Как кошка к воробью подбирается, вплотную прижавшись к земле, так и парни ползут: всем телом, чуть отставив локти, лишь ногами отталкиваясь – вперед! – и прижаться тотчас брюхом к морозному, мягко трескучему снегу; зарыться, перевести дух и снова – вперед! – ногой оттолкнувшись…

Псы не учуют – разбежались псы из посада, перемерзли небось уже в стылых кустах; кони татарские – худшая напасть: пуще иной собаки степной коняга чужака смечает. Но и то не беда: перед вылазкой старик-охотник натер молодцев тайным зельем; теперь не то что конь лохматый – медведь, хозяин лесной, пройдет в полушаге, а взгляда не кинет.

Пушист снег и свеж, бодрит чистым духом, и мороз не щиплет сквозь лисий мех, и пальцы в перстчатках хоть и стынут слегка, а все же послушно цепляются за укрытую белизной землю. Легко ползти! Другое тяжко: как дышать, если мерзнет дыхание на губах, а усы с бородою слиплись в ком? Не приведи Господь, чуть приподнимется легкий парок, мелькнет на миг в серебряном свете… много ли надо для тревоги караульному?..

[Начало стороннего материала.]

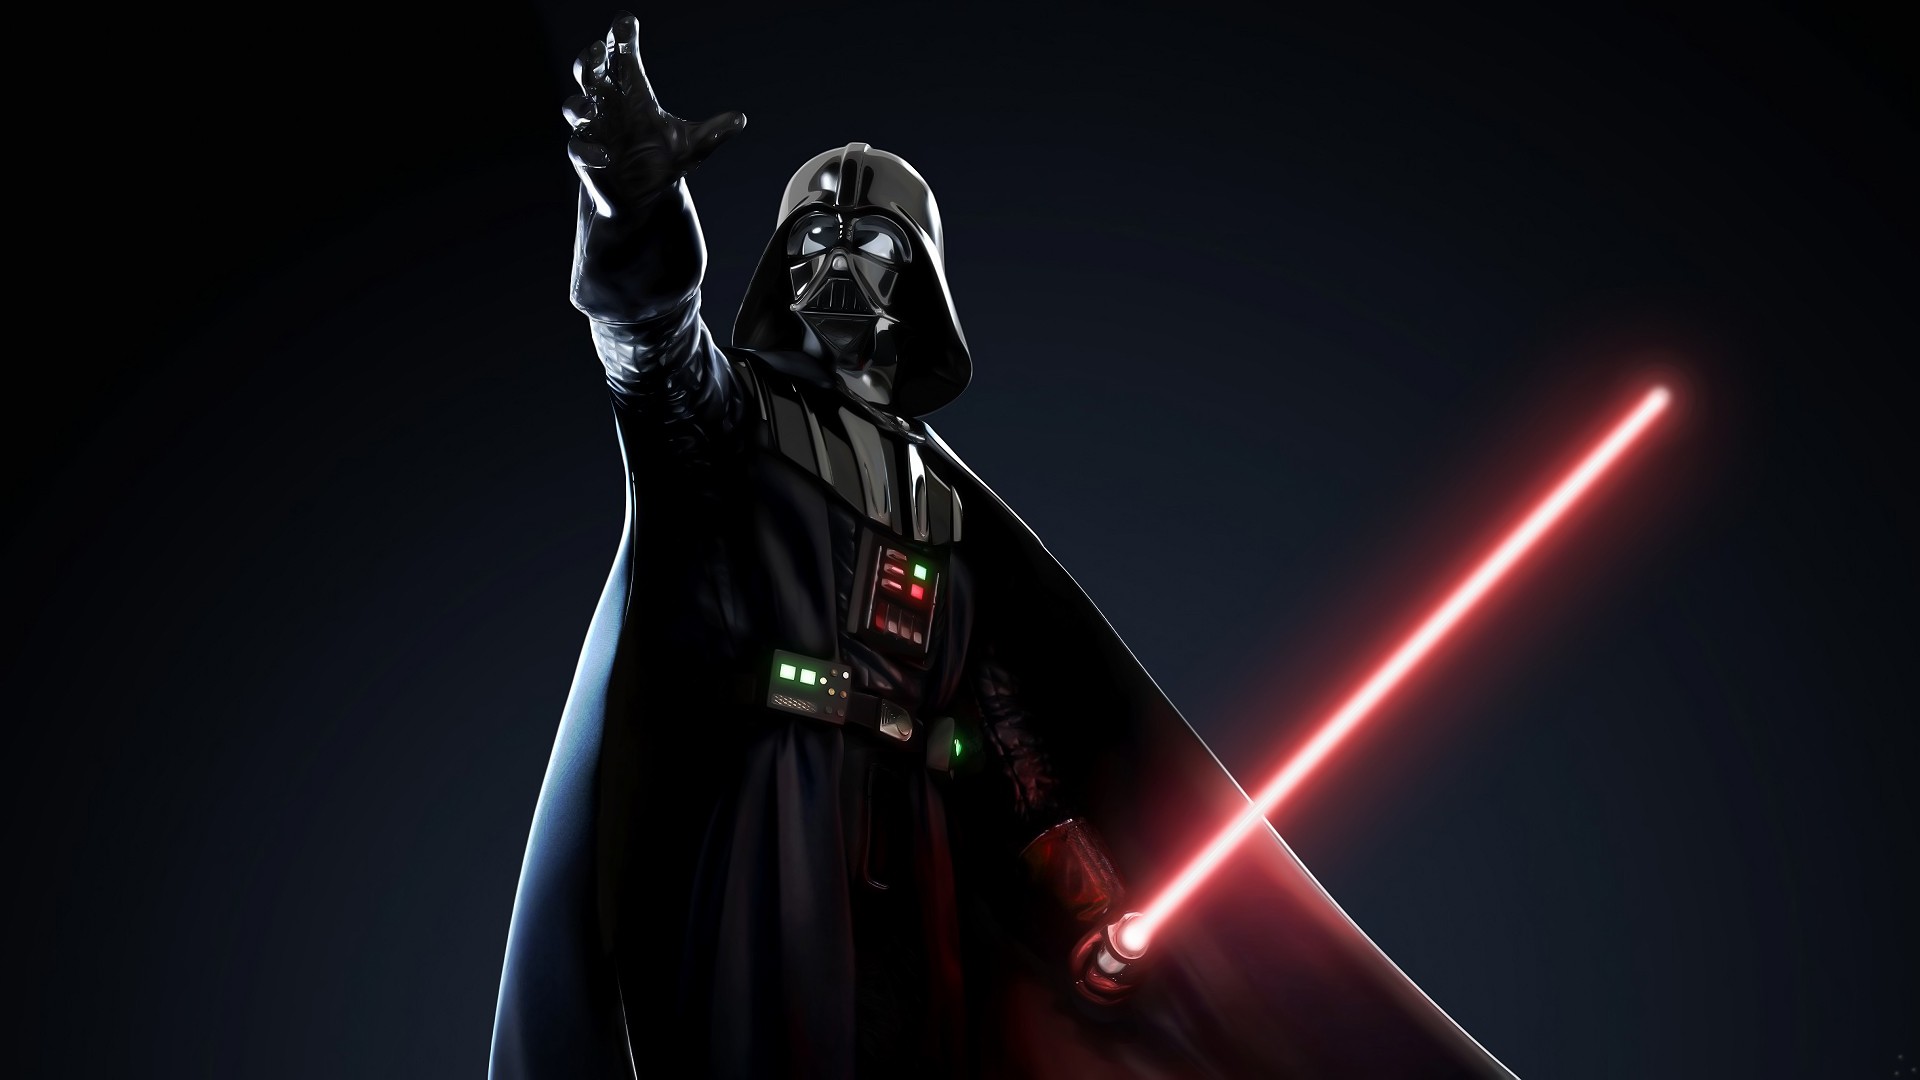 Fond Ecran Darth Vader Lightsabers Red Star Wars Wallpaper HD
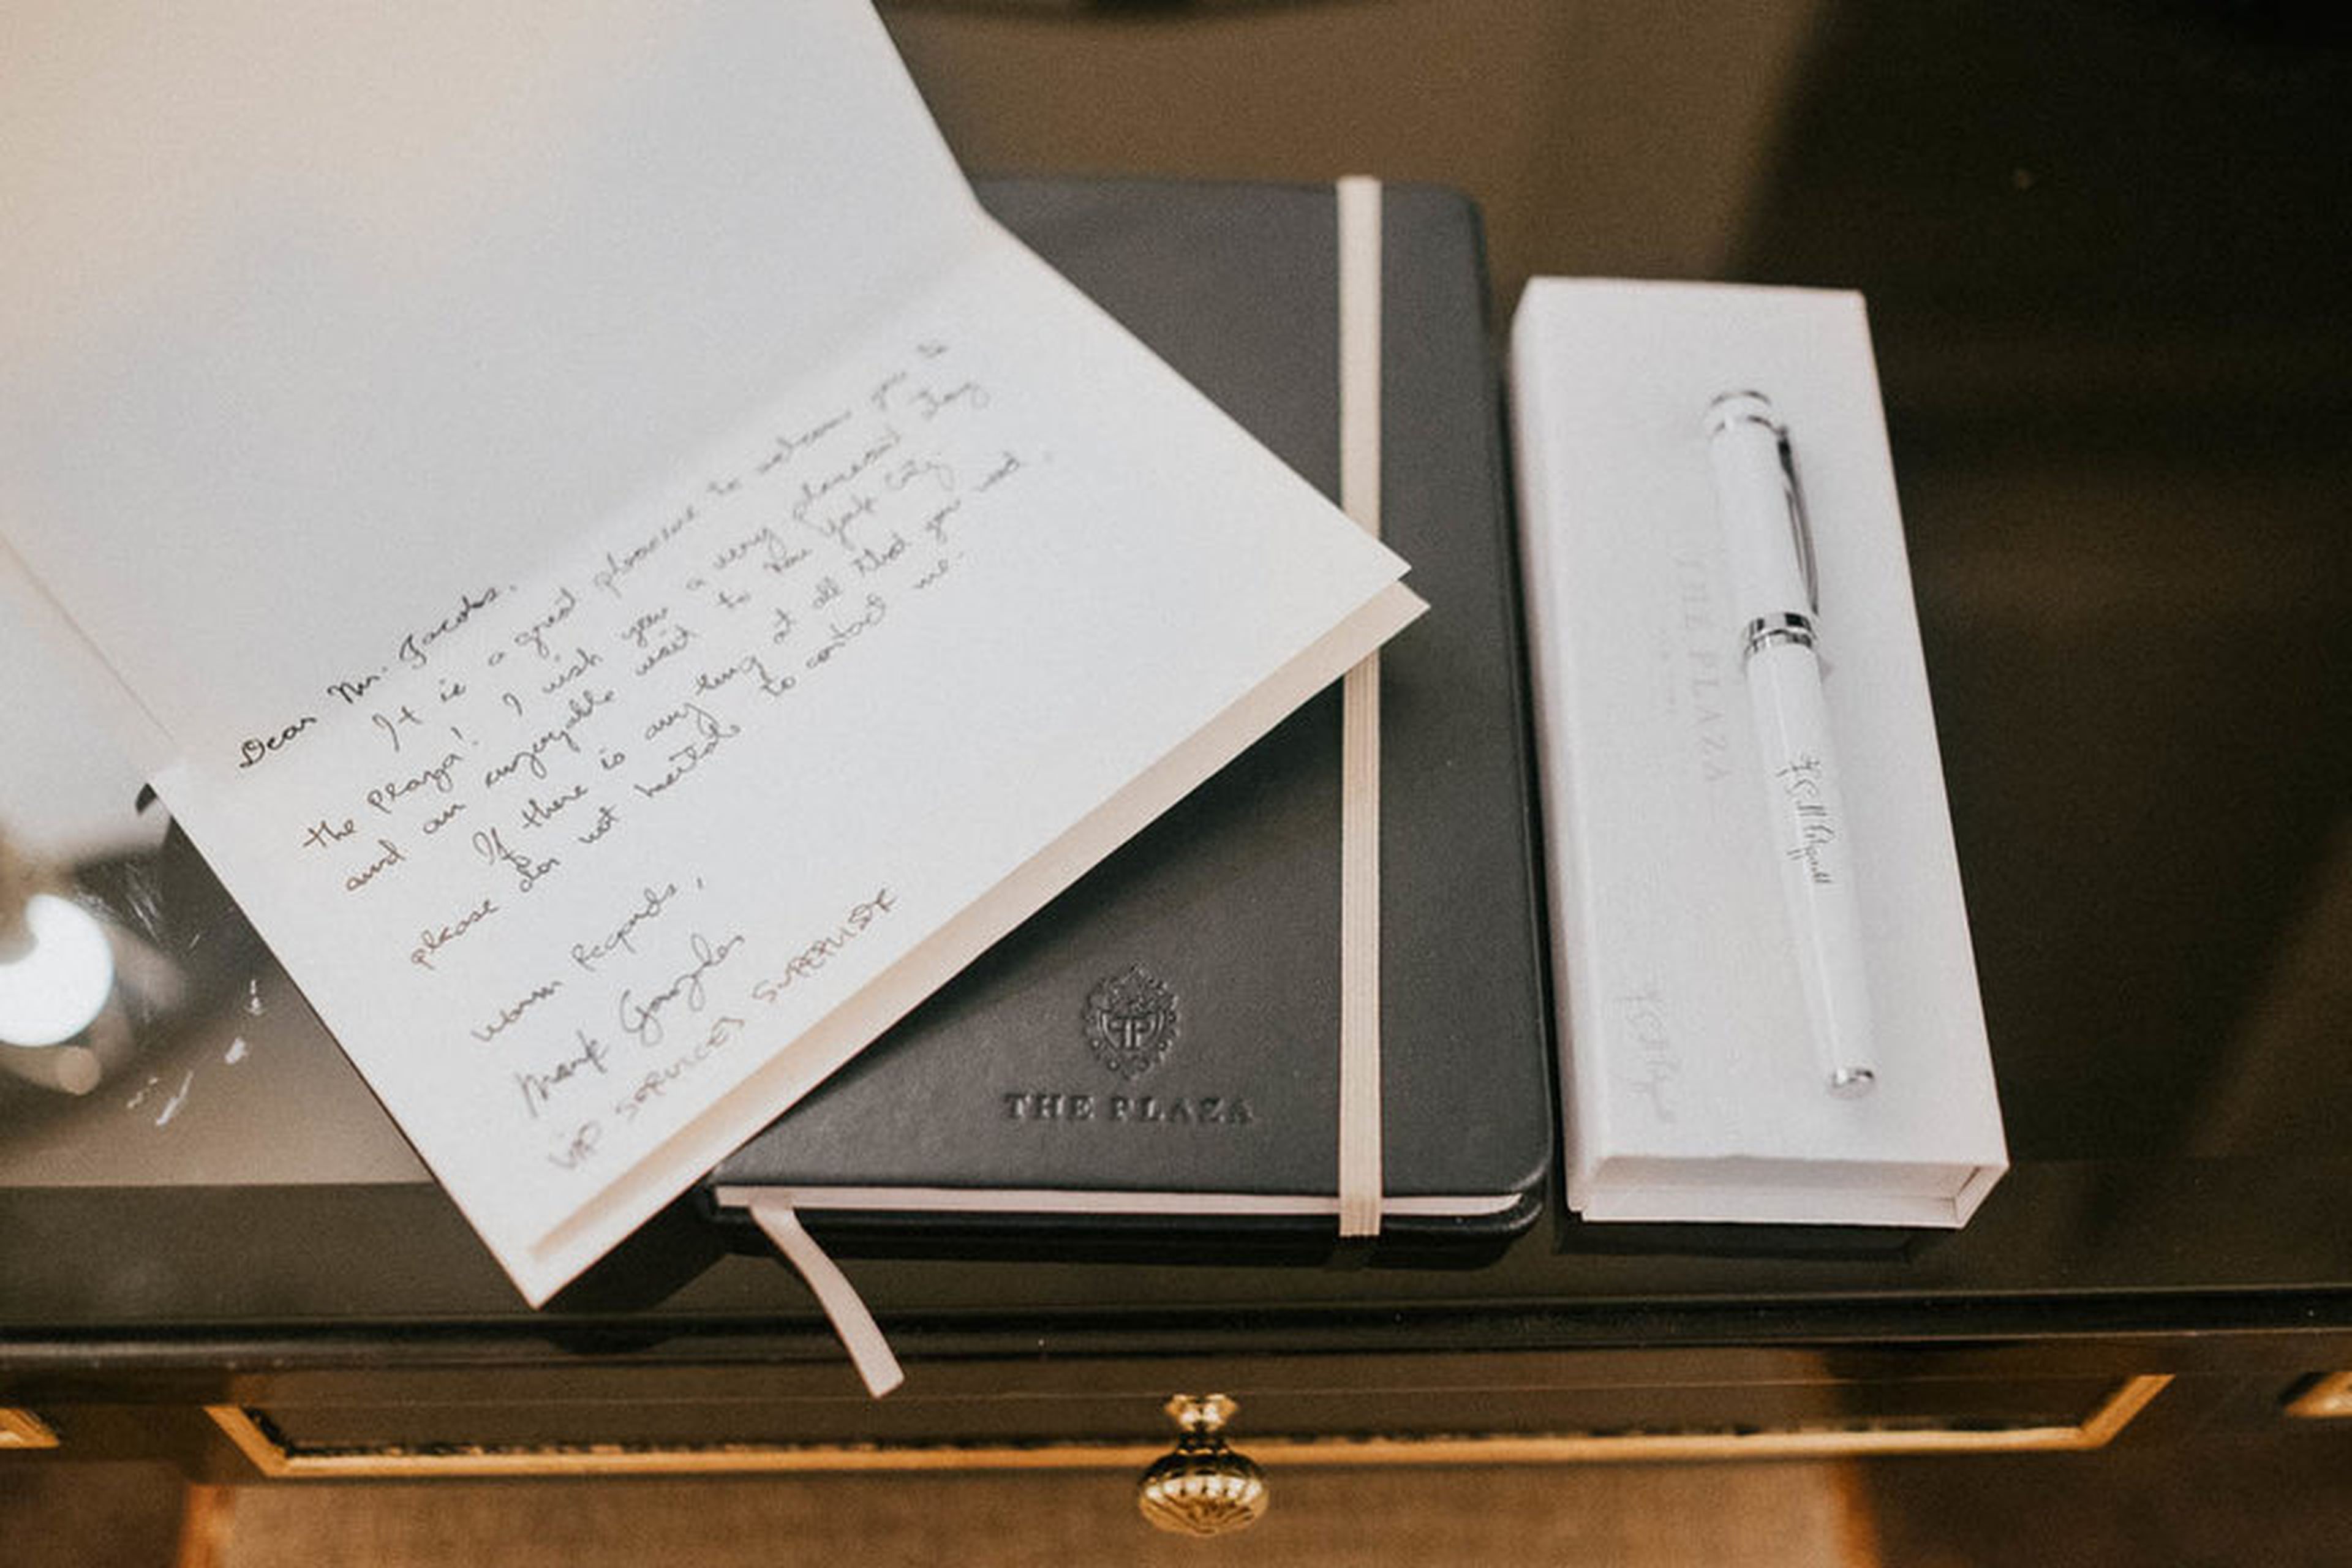 Encontré una carta escrita a mano por el servicios de invitados VIP y un cuaderno y bolígrafo de cortesía. Es un poco más alto que el cuaderno de notas habitual que dan en la mayoría de las habitaciones de hotel.

А потому – носом вниз, давясь в трескучем морозном пухе, не смея и фыркнуть… но проползли же! проползли вдоль околицы посада, а там даже и отлежались, перевели дух в тени остатков порушенной избушки… а дальше уже легче пошло; вниз по отлогому взвозу, распластавшись, напряженно вслушиваясь в мерный шорох вражьего табора: спокойно ли?.. показалось, вечность минула – а взглянул Бушок на лунную харю и глазам не поверил: где висела, там и висит, разве лишь немного подвинулась…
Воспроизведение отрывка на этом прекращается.